#### Data shown ####

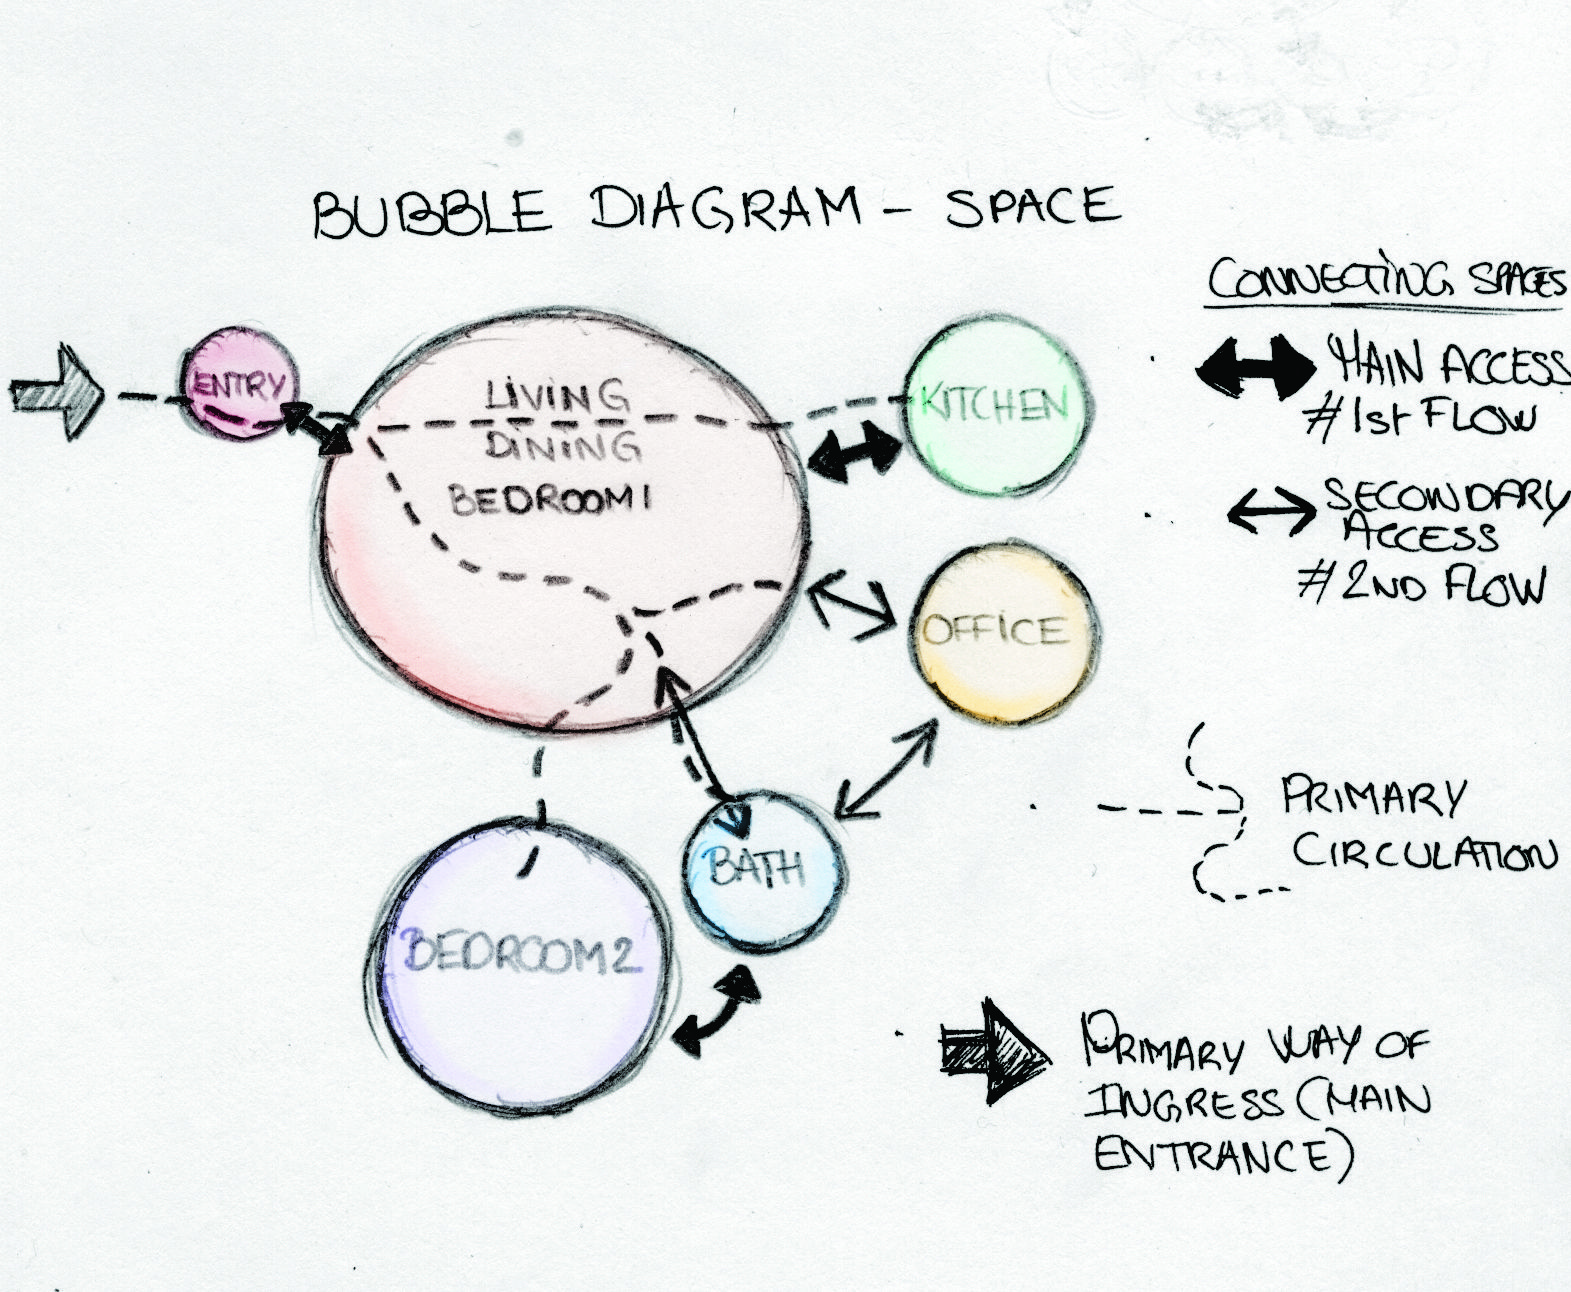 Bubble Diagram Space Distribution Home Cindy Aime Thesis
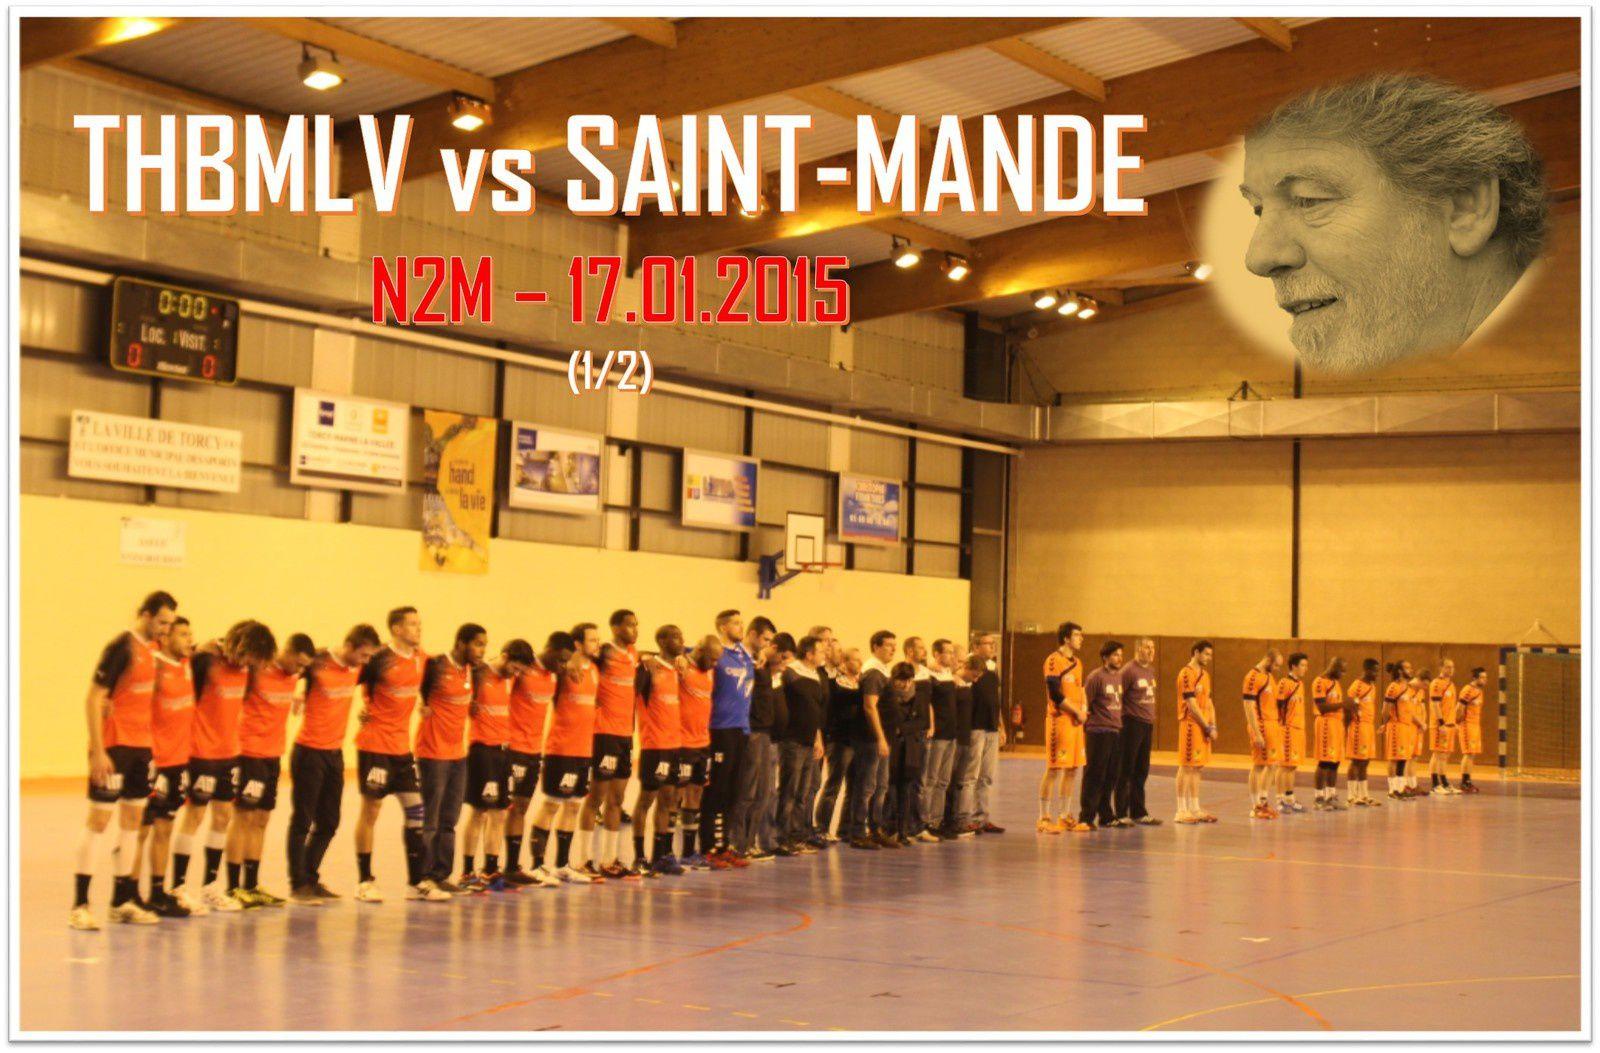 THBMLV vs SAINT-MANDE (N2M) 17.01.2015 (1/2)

####
#### Data shown ####

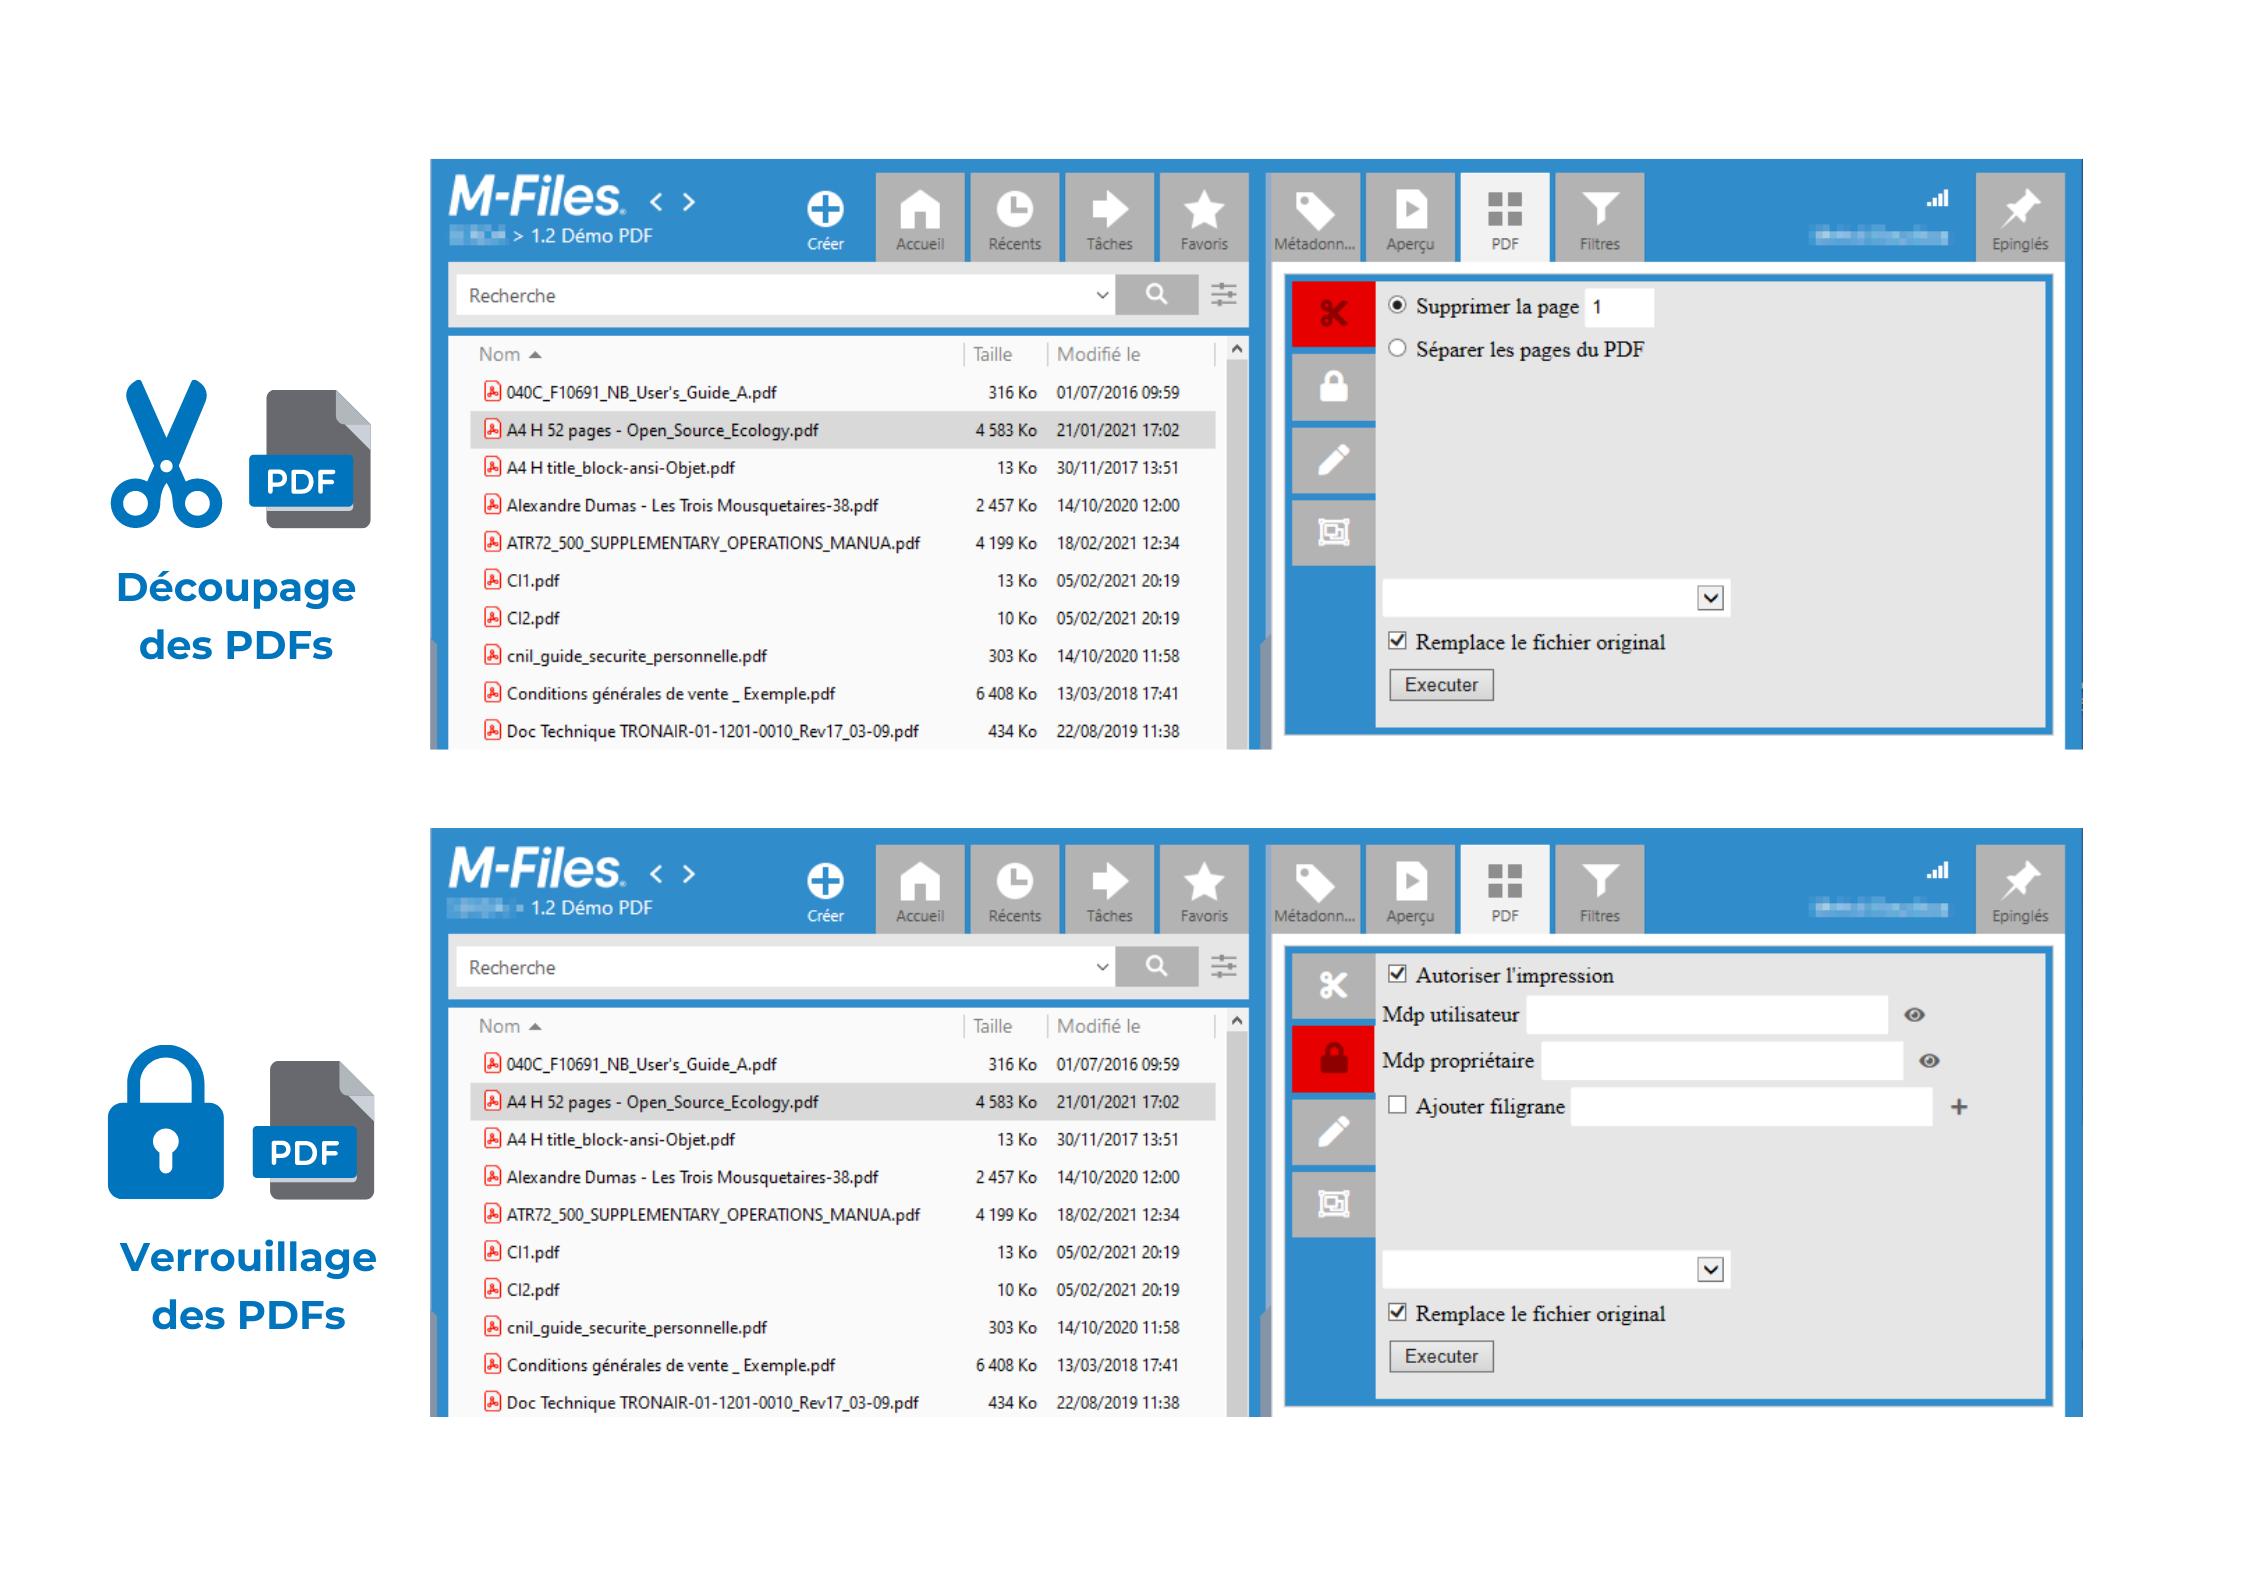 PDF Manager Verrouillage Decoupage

####
#### Data shown ####

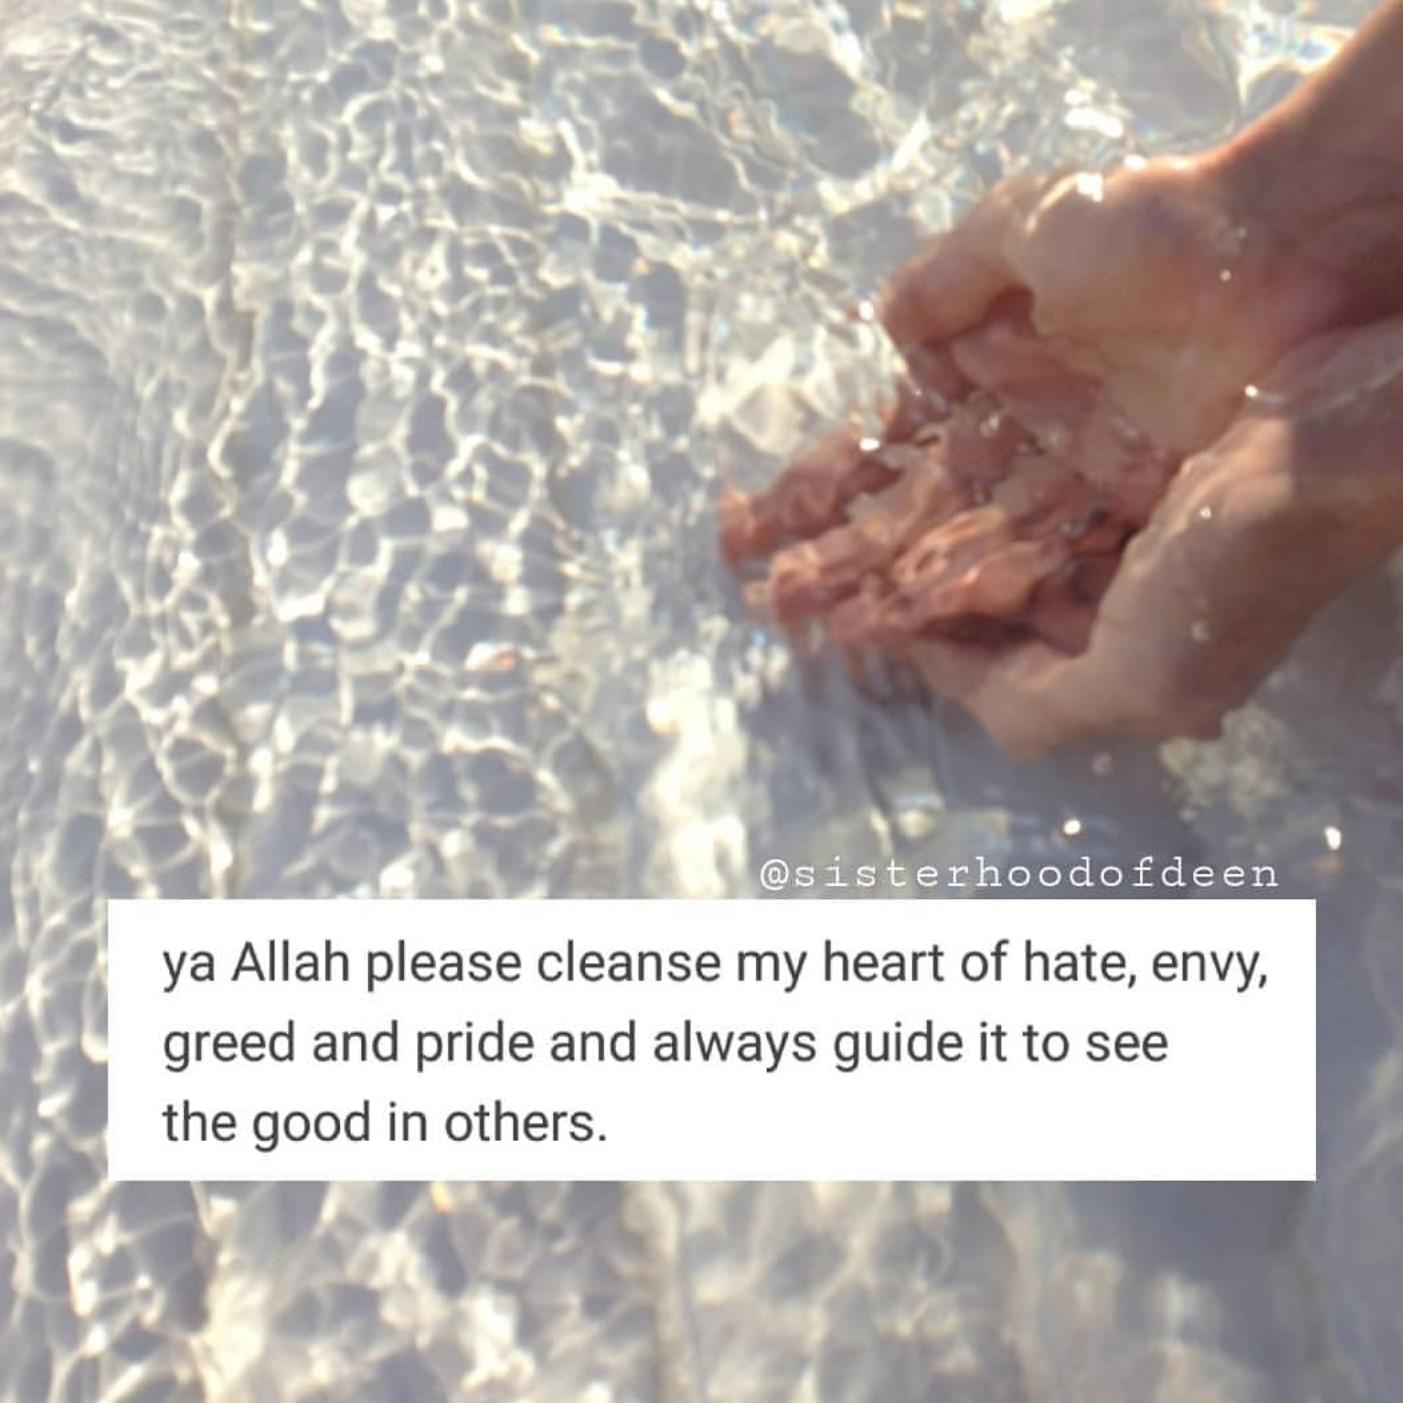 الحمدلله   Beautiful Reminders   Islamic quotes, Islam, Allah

####

Problem requirements: All that should appear in the answer is the lines above from the line with "Bubble Diagram Space" through the line with "THBMLV vs SAINT-MANDE (N2M) 17.01.2015 (1/2)", retyped exactly, pictures left out.

Expected answer:
 Bubble Diagram Space Distribution Home Cindy Aime Thesis
 THBMLV vs SAINT-MANDE (N2M) 17.01.2015 (1/2)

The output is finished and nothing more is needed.